Comfort in the Kitchen: Questions for Katie Lee

Katie Lee is a knockout, sure, but she’s also got some serious chops in the kitchen. The self-proclaimed “hillbilly princess” is a best-selling cookbook author with regular television appearances and a monthly column in Cosmopolitan—and is as famous for her former marriage to Billy Joel as she is for her award-winning pattymelt burgers. We spoke to her recently about moving carefully into the celeb-chef category, perhaps most importantly, how to cook up a man-eating serving of meatloaf.

JULIA TURSHEN: Who taught you to cook? Who inspired you to be in the kitchen?

KATIE LEE: My grandmother Dora taught me how to cook. She’s from a small town in West Virginia called Milton. I would pull a stool up to her kitchen counter after school. My love of food started there.

TURSHEN: Do you still cook with her?

LEE: Yes, and in fact I’m going home this weekend. She makes the best food, world over. I guess it’s that comfort food feeling that takes you back to a place in time. Food is like music in that way—you hear a song and maybe it brings you back to prom. For me, a batch of biscuits takes me home to grandma’s kitchen.

TURSHEN: What’s your favorite of all her dishes?

LEE: I love her biscuits and her steak and gravy. I do it exactly like how she tells me to do it, but it never turns out right. I don’t know what I’m missing. She’s 78 and she got married when she was 16. I always think of my grandfather as the original foodie.  He was the slowest eater.  He savored everything. Even when everyone was gone from the table, he was still eating.

TURSHEN: Your Logan County hamburgers are famous—what’s another signature Katie Lee dish?
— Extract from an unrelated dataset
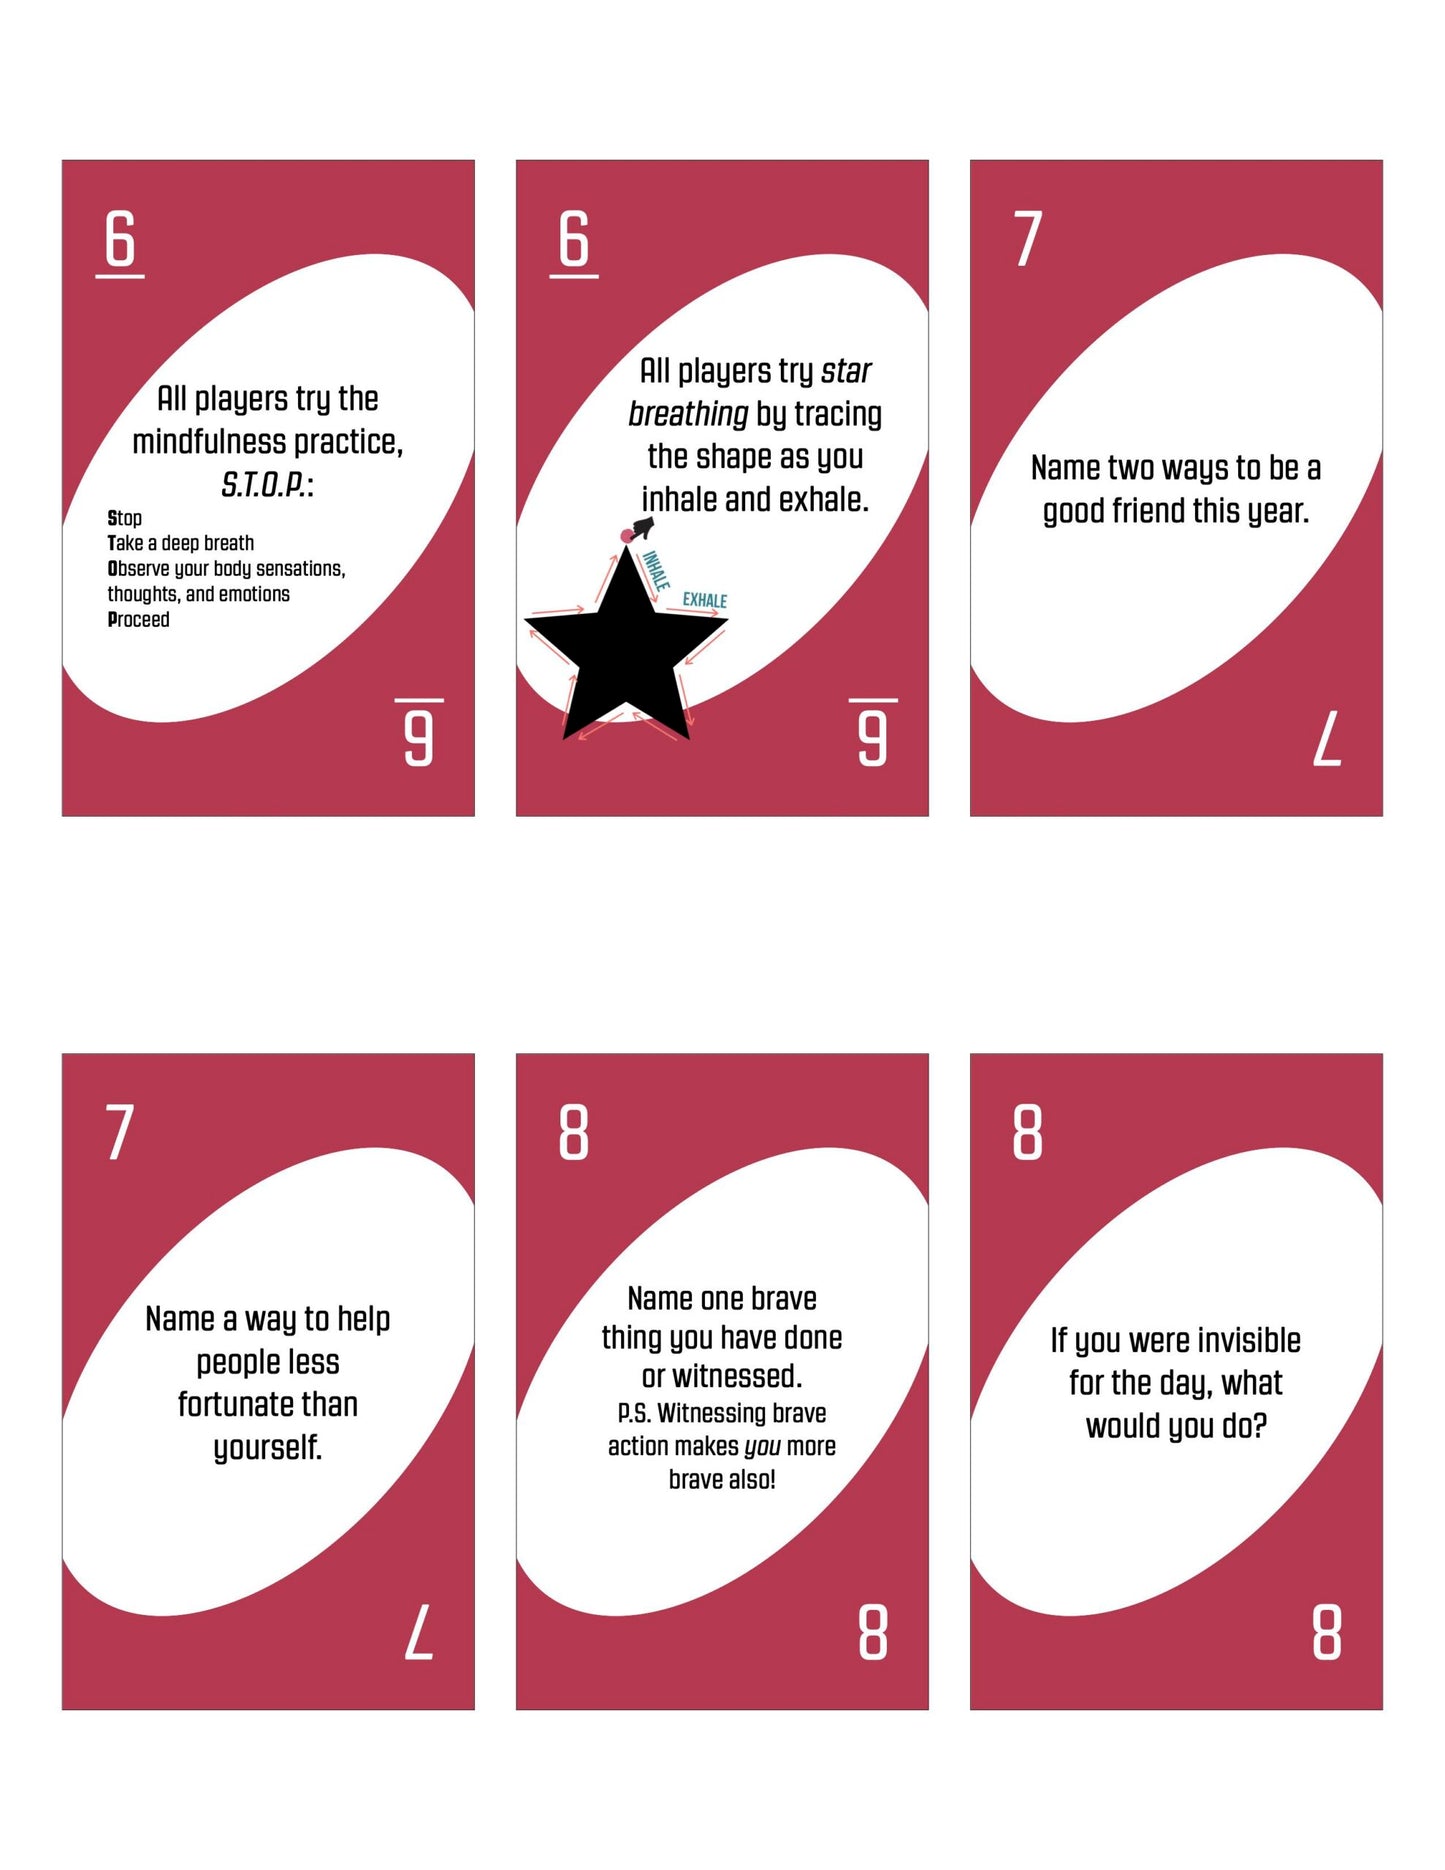 Mind Up Card Game (Downloadable PDF)

LEE: That simple, silly burger, I can’t believe they won the Burger Bash and people know them by name—I never thought that I’d be the burger queen. I guess my other signatures are my fried chicken and also my meatloaf.

TURSHEN: In your recent interview for the New York Times with Frank Bruni, you said you refer to meatloaf as “man-loaf” because it’s the way to get a man to fall in love with you.  Depending upon the man, do you change the ingredients or are all men equal? How do you make yours?

LEE: I do always make it the same way.  I do it with sautéed onions, bell peppers, herbs, and I put Worcestershire sauce and ketchup in the meatloaf and on top of it. It’s traditional. The only time I make a change is if I have a non-red meat-eating friend; then I make it with turkey and it’s still really good. I like to make meatloaf sliders too which are easy for a party because you don’t have to flip a ton of burgers. You make a bunch of miniature meatloaves and put them in the oven all at once.

TURSHEN: What would be the complete heart-swaying meatloaf menu?

LEE: I serve it with mashed potatoes and green bean casserole, which is a real traditional Southern dish and is usually made with a can of condensed mushroom soup and a can of fried onion rings.  I make a homemade cream sauce with homemade fried shallots. Done the traditional with the cans, you taste it all day. It’s one of those things, like a greasy donut.

TURSHEN: Would you ever want to have your own restaurant?

LEE: It’s an idea I’ve toyed with, but if I were going to do it I would want to do it right. I would want to be there every day and I’m not ready for that. Maybe one day: I’m not ruling it out.

TURSHEN: Other than your own, what cookbooks do you refer to most often?

LEE: I love the Barefoot Contessa cookbooks—they’re so nicely done and her recipes are beautiful and simple. I love Martha Stewart, and I love Donna Hay, from Australia. I just love to look at cookbooks, it’s almost like they’re comic books for me. I can’t look at them before bed; it gets me too excited.

TURSHEN: What are your favorite three ingredients?

LEE: Definitely butter. And you know what, I like salted butter. Of course I love garlic. And I use a lot of cilantro. I’d say salt, butter and fresh herbs. But lemons are important too. Butter, salt, garlic, herbs and lemon. My top five. Now I’m hungry.